In business – and especially in financial services and banking – trust is built up over decades, and can be destroyed in an instant.
And trust, as has been well-documented, is one of the hallmarks of consumers’ relationships with credit unions (CUs).
In an interview with PYMNTS, Jack Lynch, chief risk officer at PSCU and president of its CU recovery business, said that in the age of increasingly sophisticated cyberattacks, it is imperative for credit unions to look at various ways of building multi-layered systems of defense against attacks, and to be vigilant about protecting that trust.
The stakes are high, and tech is the weapon of choice in fraudsters’ ploys to gain access to sensitive data and drain accounts as they seek to exploit consumers’ trust in their CUs.
In the third quarter of 2019 alone, mass “bot” attacks on FIs and card accounts rose by 70 percent year on year, indicating that fraud is getting, well, faster.
The explosion of the Internet of Things (IoT) and connected devices also broadens the avenues of attack on consumers, said Lynch, especially with as many as 75 billion such devices in the field in just a few years. That may also mean fraudsters will eye mobile device takeovers as a tempting means of conducting their nefarious activities.
Lynch said that taking a multi-pronged approach against the bad actors involves technology, of course, but added that “from my perspective, credit unions also have to focus on the other two legs of the stool – the process and the people [within the firm].” Robust processes and dual controls within the FI, along with consumer education – especially as phishing attacks become more sophisticated and can spoof CU sites with uncanny accuracy – can keep fraudsters out of the ecosystem.
The Linked Analysis Defense
Lynch pointed to the fact that fraud has evolved in recent years, and markedly so.
Gone are the days of fraudsters sitting in their basements trying to hack passwords by brute force.
“With the explosion of devices out there today, you really do have to fight fire with fire,” he noted – especially as criminals are tapping into artificial intelligence (AI) and machine learning to conduct waves of attacks against FIs. He pointed out that PSCU has pursued a strategy of leveraging those same weapons – AI and ML – against those same attacks through Linked Analysis, a fraud-fighting solution.

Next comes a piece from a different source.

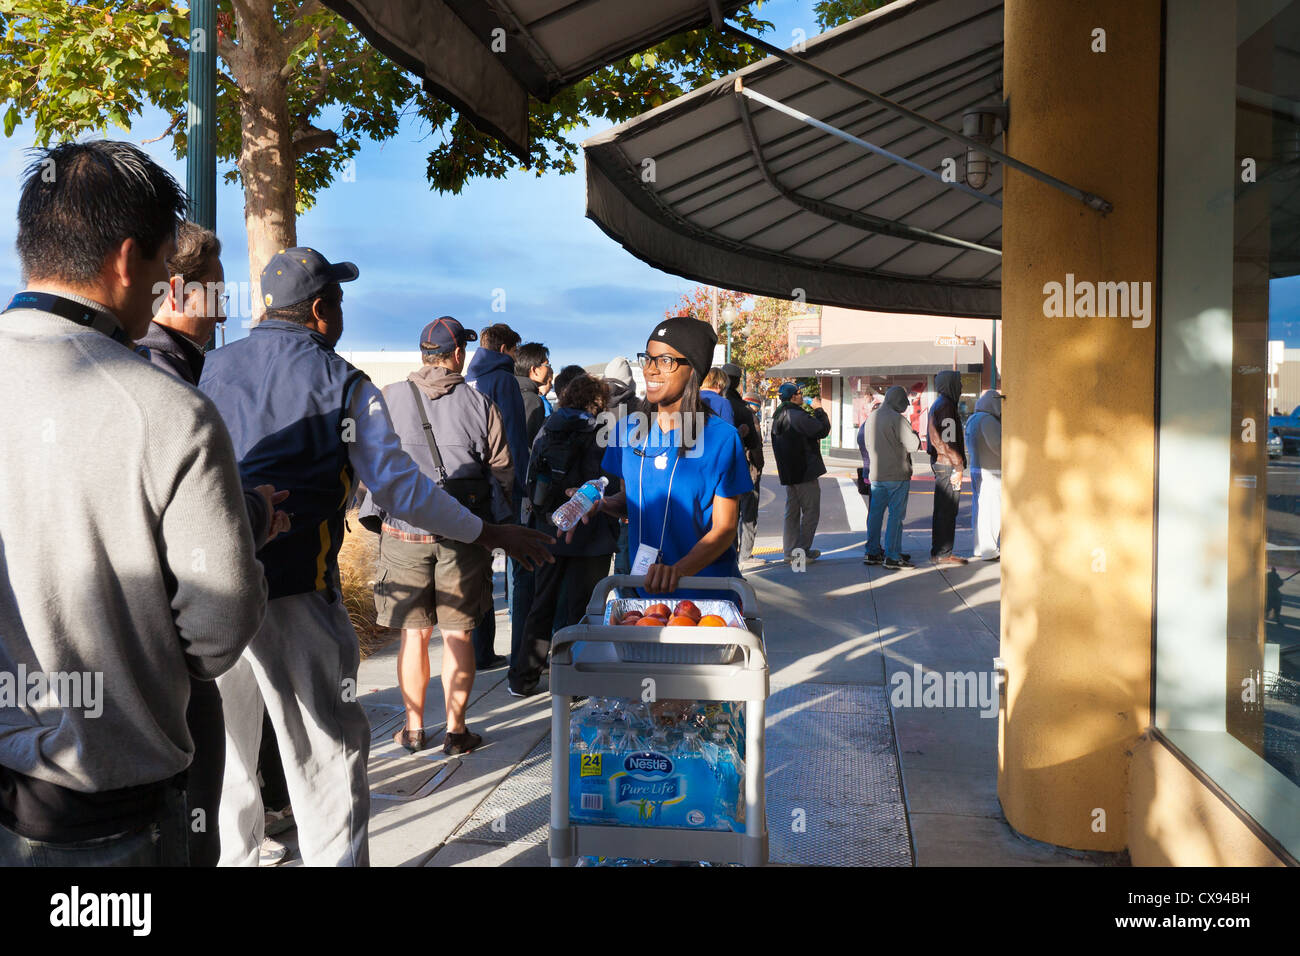 Sett. 21, 2012 dipendente Apple offre cibo gratis ai clienti in fila per acquistare il nuovo iPhone 5 al negozio Apple di Berkeley, CA Foto Stock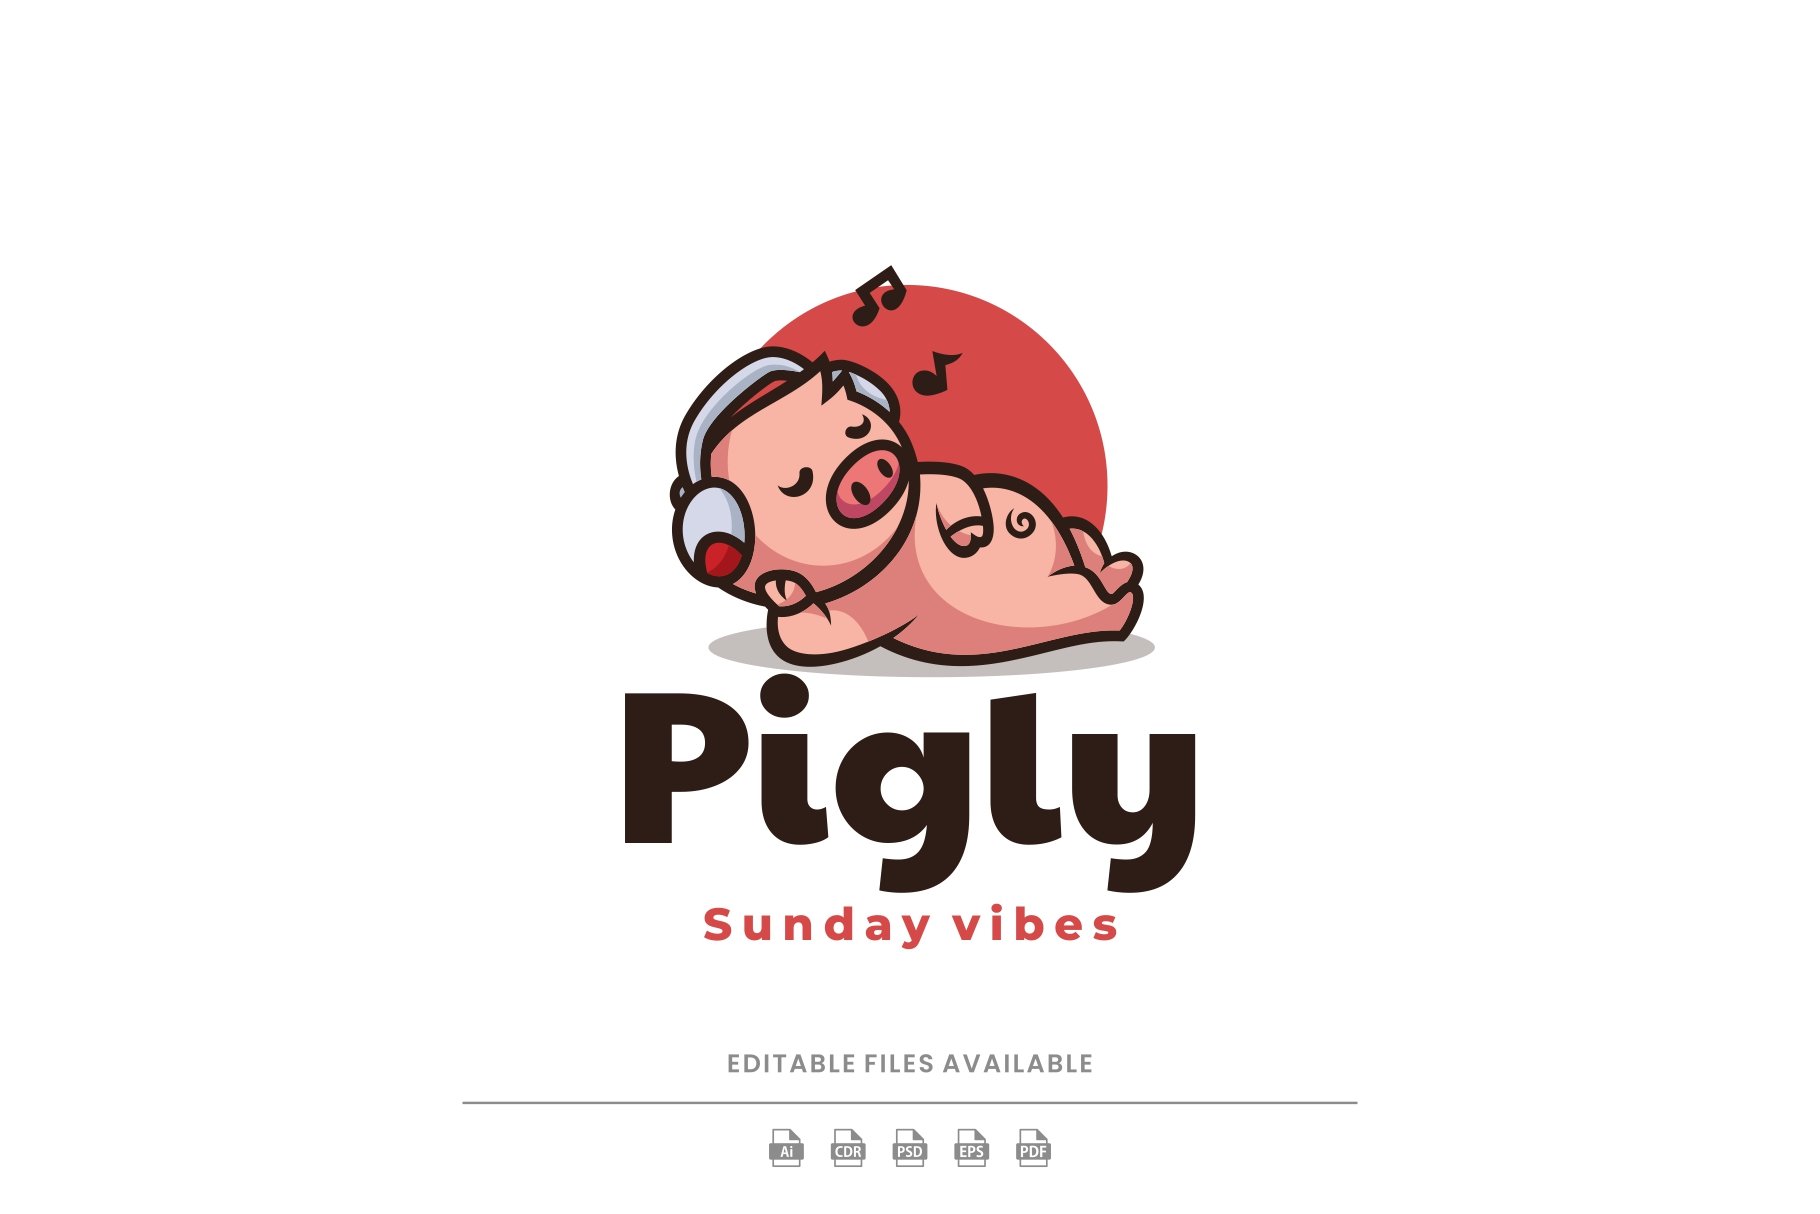 Relax Pig Mascot Cartoon Logo cover image.

Linked Analysis uses data points across the individual, card, device IP and departments within the institution to get a 360-degree view of whether a member is conducting legitimate business or has been compromised.
The connected efforts, driven by tech, can be far more effective than having hundreds of people staring at computer screens trying to detect patterns of fraud, Lynch told PYMNTS.
By way of example, he said that when an attack that originates in a call center and through the IVR, AI and ML can pinpoint the abnormal behavior, determine the various points of attempted access of a mobile device and put alerts in place that funnel back to the member. Those alerts ask whether that member is indeed trying to conduct a transaction.
“We are able to put strategies in place right now, before the attack becomes a broad compromise,” Lynch said.
Technology and a multi-layered approach to fraud-fighting are also critical in scouring the Dark Web and gathering intelligence to see what credentials may be on sale, and then taking steps to neutralize that activity – by rendering compromised card credentials useless, for example.
Looking ahead, as Lynch told PYMNTS: “It’s imperative for credit unions to start thinking about the shift to mobile. There’s no way with the ‘older tools’ that we’ll be able to keep up with the explosion of data. We're going to have to continue to look at the channel to where the fraud is shifting – and the only way to address that is through machine learning.”